“The Pea Soup Andersen Story” talks of how the patriarch Anton Andersen came to California from Denmark, with his dream of opening a restaurant with a brand new electric stove. On the menu, the most popular item by far was his wife Juliette’s recipe for pea soup. And there it was–first down south in Buellton, and then where I am now, in Santa Nella, where Hap-Pea and Pea-Wee are diligently splitting peas on on roadside billboards for miles down and up road.
Inside, I ask if I can grab a seat at the bar, which I do. Thank goodness. I ask for a coffee and a bowl of soup and enjoy a bit of atmosphere and air conditioning. It’s hot outside. There are a hundreds of miles behind me, and hundreds in front of me, but the I-5 is being its usual Goldilocks self, too long, too short, and sometimes even just right.
The pea soup is its usual, dependable, super yummy self. It is that it is. No frills, but really well-made, and the recipe is there for everyone to see, but there’s something yummier about having it here. Do something. Do something well. Do it so well, that people can depend on it. Not the entire recipe for success, but definitely a huge part of it. I think of my own work, my own writing, and my own community. Do I have the confidence in my work to match this amazing and unadorned pea soup? Can my work be there for others, whenever they need it. Am I dependable as a writer? As a person? Do I have all the ingredients I need to make a recipe of my own?
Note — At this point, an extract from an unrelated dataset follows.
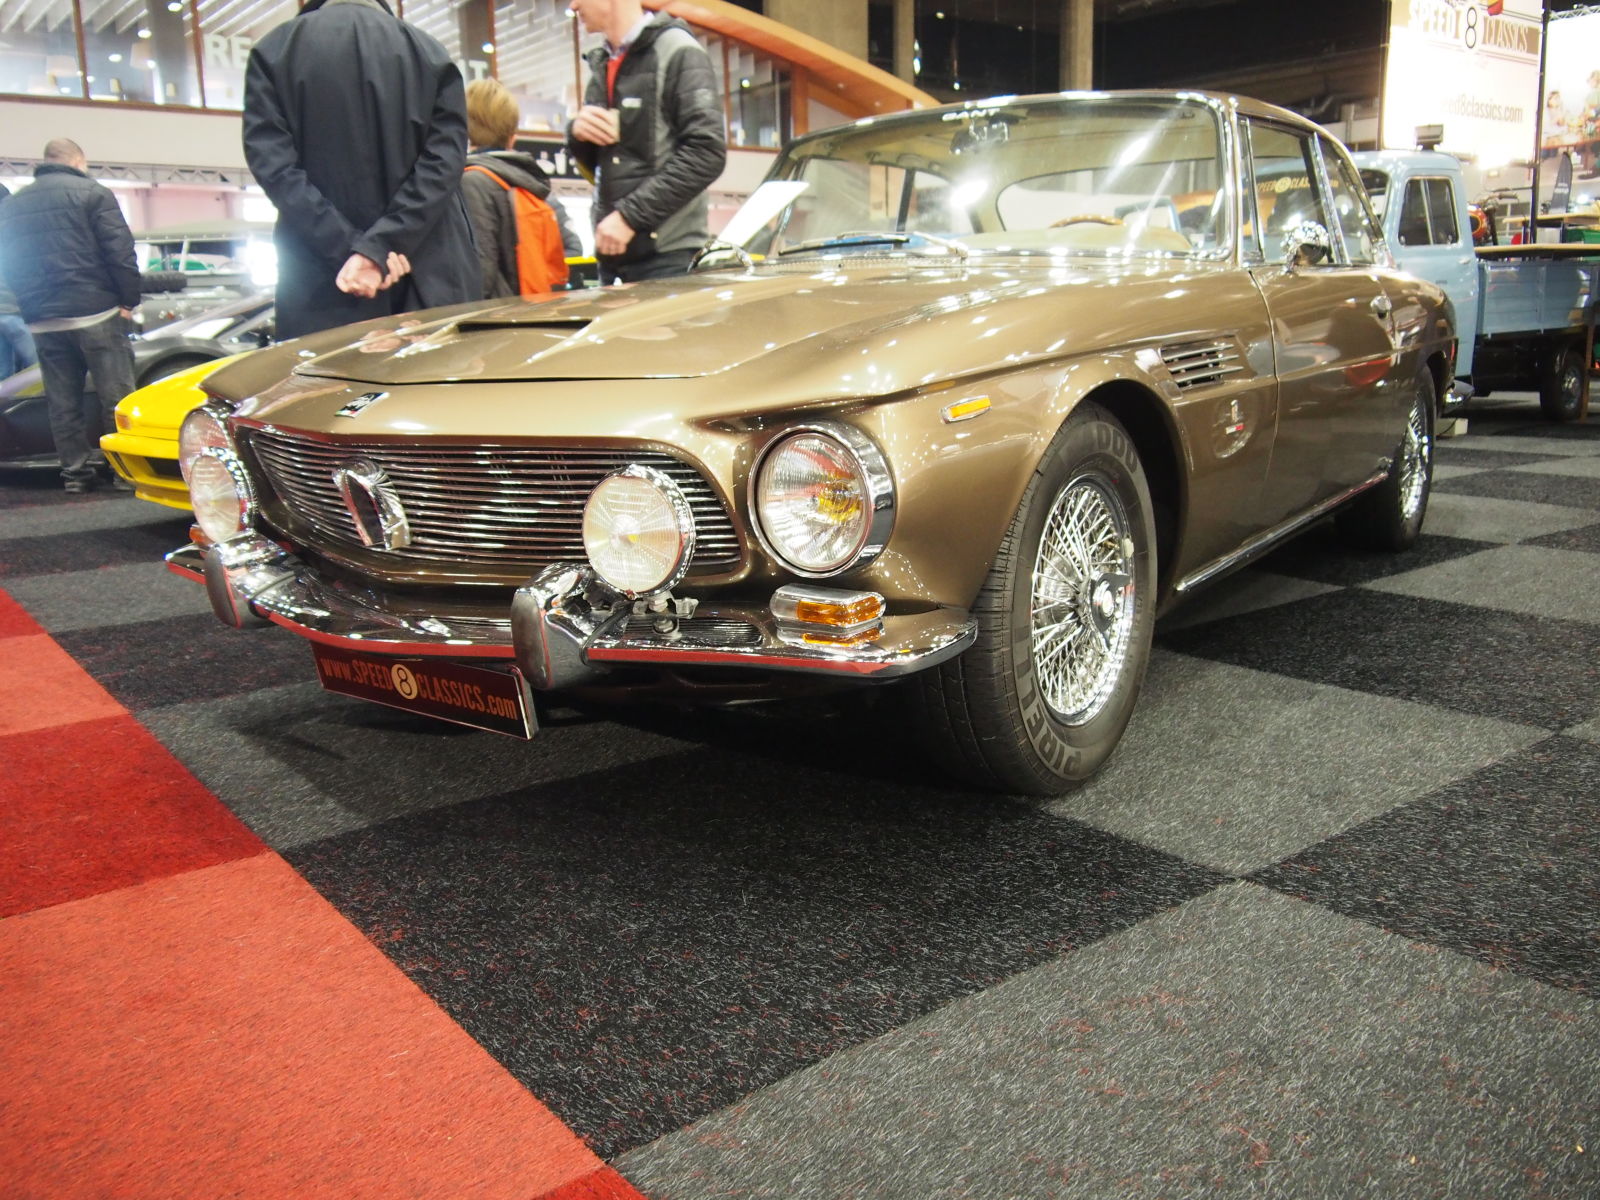 This ‘64 Iso Rivolta GT also has an insectoid face.

Of course, if I worry too much about such things, the pea soup gets cold. So, I try to pull back from my own writing thoughts to what is going on around me this early afternoon. I wonder about queer identity, and what it would bring here, and the best answer beyond all the art stuff that I can give is perhaps added appreciation for pea soup. Because again, no rainbows in sight. To a large extent, I know what it is like to be alone in crowds as I am here. But being awkward is a different thing than being discriminated against, and although they often coexist, it’s so darned vital that we know the difference. There are same sex couples in here, eating soup–and though presence alone does not mean all is well, I wonder if there is a point, especially for a queer writer, where you just have to see this as a chance to get to know more people?
At the bar, I am having a conversation with an older couple from Livermore, who are driving south to see Catalina and their grandkids, not necessarily in that order. They always stop for soup. Or they eat at Harris Ranch (near Coalinga) “but service can be slow there, so be careful if you are in a rush.” It is a short conversation, but a sweet one, and I think we are all delighted to be connecting with someone we might usually never talk to.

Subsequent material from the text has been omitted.